Accident de la route : 90 000 € pour un paysagiste indemnisé
- Julien Plouton - Avocat à la Cour

- 26 avr. 2018
- 3 min de lecture
Dernière mise à jour : 7 sept. 2025
Le Tribunal de Grande Instance de Nanterre a condamné, le 15 mars 2018, la conductrice responsable et son assureur à verser plus de 90 000 € à Monsieur Franck E., paysagiste victime d'un accident de la circulation le 11 avril 2011 (N° RG : 15/12134). L'indemnisation couvre le préjudice corporel et le préjudice économique du chef d'entreprise, incluant 30 000 € au titre de l'incidence professionnelle et 12 909,73 € de perte de gains professionnels actuels.
Les faits : un accident de la circulation aux séquelles lourdes
Monsieur Franck E., 37 ans, paysagiste dans le Médoc, a été victime d'un accident de la circulation le 11 avril 2011, impliquant deux véhicules légers.
Les blessures constatées sont les suivantes :
Une fracture du sternum
Un traumatisme cervical, avec fracture des apophyses transverses sur 3 niveaux
Une fracture du fémur droit
Une fracture de la rotule droite
Une lésion du poignet droit
L'expert médical, qui a examiné Monsieur E. à deux reprises depuis l'accident, a retenu un Déficit Fonctionnel Permanent de 8 % et conclu à « l'adaptation professionnelle nécessaire du fait de l'incapacité au travail sur l'échelle et à l'élagage sans incapacité globale à la profession ».

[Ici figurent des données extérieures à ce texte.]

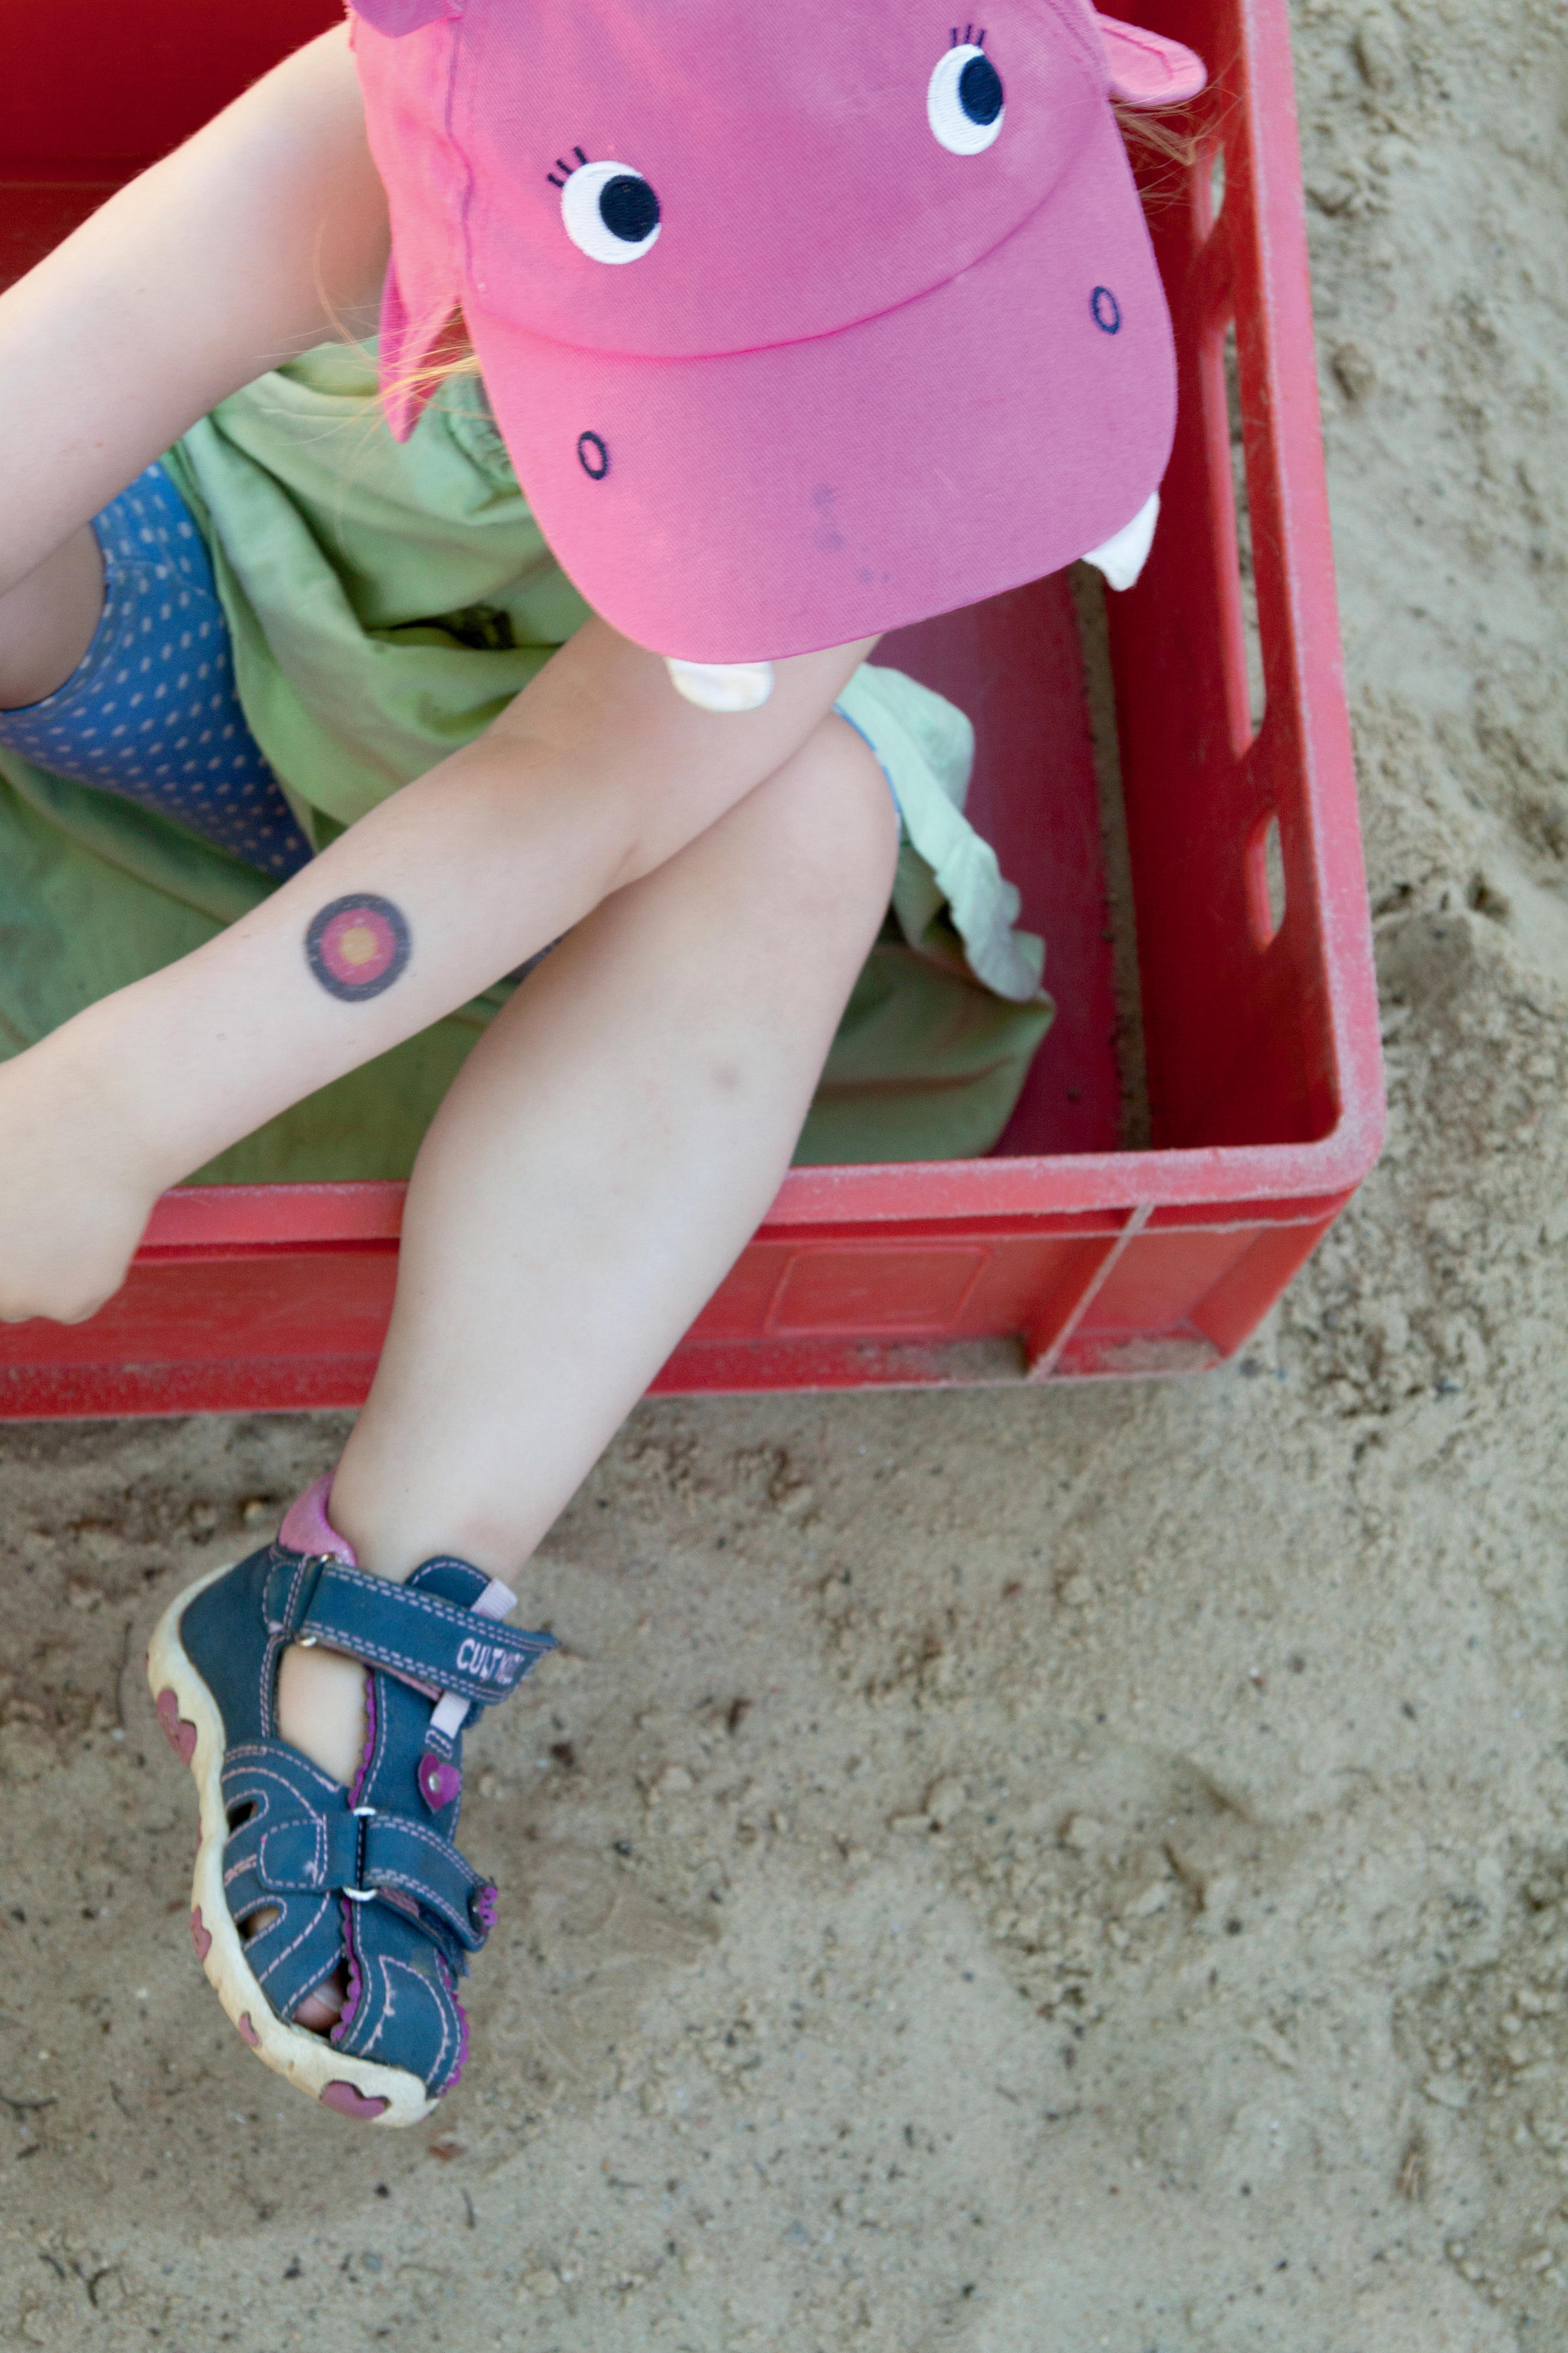 Ein Kind mit einer pinken Mütze sitzt in einer roten Kiste auf einer Sandfläche.

Un préjudice économique aggravé par le statut de chef d'entreprise
Monsieur E. exerce son activité de paysagiste sous la forme d'une entreprise individuelle.
À la suite de l'accident, il a été placé en arrêt de travail pendant plus de 8 mois, durant lesquels il a été contraint de procéder à l'embauche de personnel supplémentaire pour assurer la continuité de son activité.
Les séquelles définitives l'astreignent désormais à adapter l'exercice de son activité professionnelle à son handicap, notamment en recourant à l'achat de matériel spécialisé. Ce poste a été indemnisé à hauteur de 7 206 euros au titre des « frais divers ». L'adaptation impose également des embauches supplémentaires pour les activités d'élagage et de travail en hauteur.
Le recours à un expert-comptable pour évaluer les pertes
Compte tenu de la spécificité de l'indemnisation du préjudice économique des chefs d'entreprise, le Cabinet a sollicité la désignation d'un expert-comptable dans un souci de réparation intégrale des intérêts financiers de son client.
Cette expertise a permis à Monsieur E. d'être indemnisé à sa juste valeur de sa perte de gains professionnels actuels (avant sa reprise du travail) à hauteur de 12 909,73 euros.
Le Tribunal a en outre alloué à Monsieur E. la somme de 30 000 euros au titre du poste de préjudice de l'incidence professionnelle. Ce poste répare les répercussions de l'accident sur la sphère professionnelle : dévalorisation sur le marché du travail, nécessité d'envisager une reconversion professionnelle, pénibilité accrue des tâches.
L'application du barème de capitalisation Gazette du Palais 2016
Le Tribunal a fait droit à la demande du cabinet d'appliquer le barème de capitalisation publié dans la Gazette du Palais du 26 avril 2016, au motif que « celui-ci serait le mieux adapté aux données économiques actuelles puisqu'il est fondé sur les tables de survie de l'INSEE 2006-2008 France entière et sur un taux d'intérêt de 1,04 % ainsi qu'une différenciation des sexes ».
Le recours à ce barème résulte de la nécessité de capitaliser un préjudice dans le futur : dépenses de santé futures, frais de véhicule et de logement adapté, perte de gains professionnels futurs.
Une décision conforme à la jurisprudence après plusieurs années de procédure
Le cabinet se réjouit de la décision du Tribunal de Grande Instance de Nanterre qui, après plusieurs années de procédure et 3 mesures d'expertise médicales et comptables sollicitées et ordonnées, a condamné la conductrice solidairement avec son assureur à indemniser Monsieur E. dans des proportions particulièrement satisfaisantes et conformes à la jurisprudence rendue en la matière.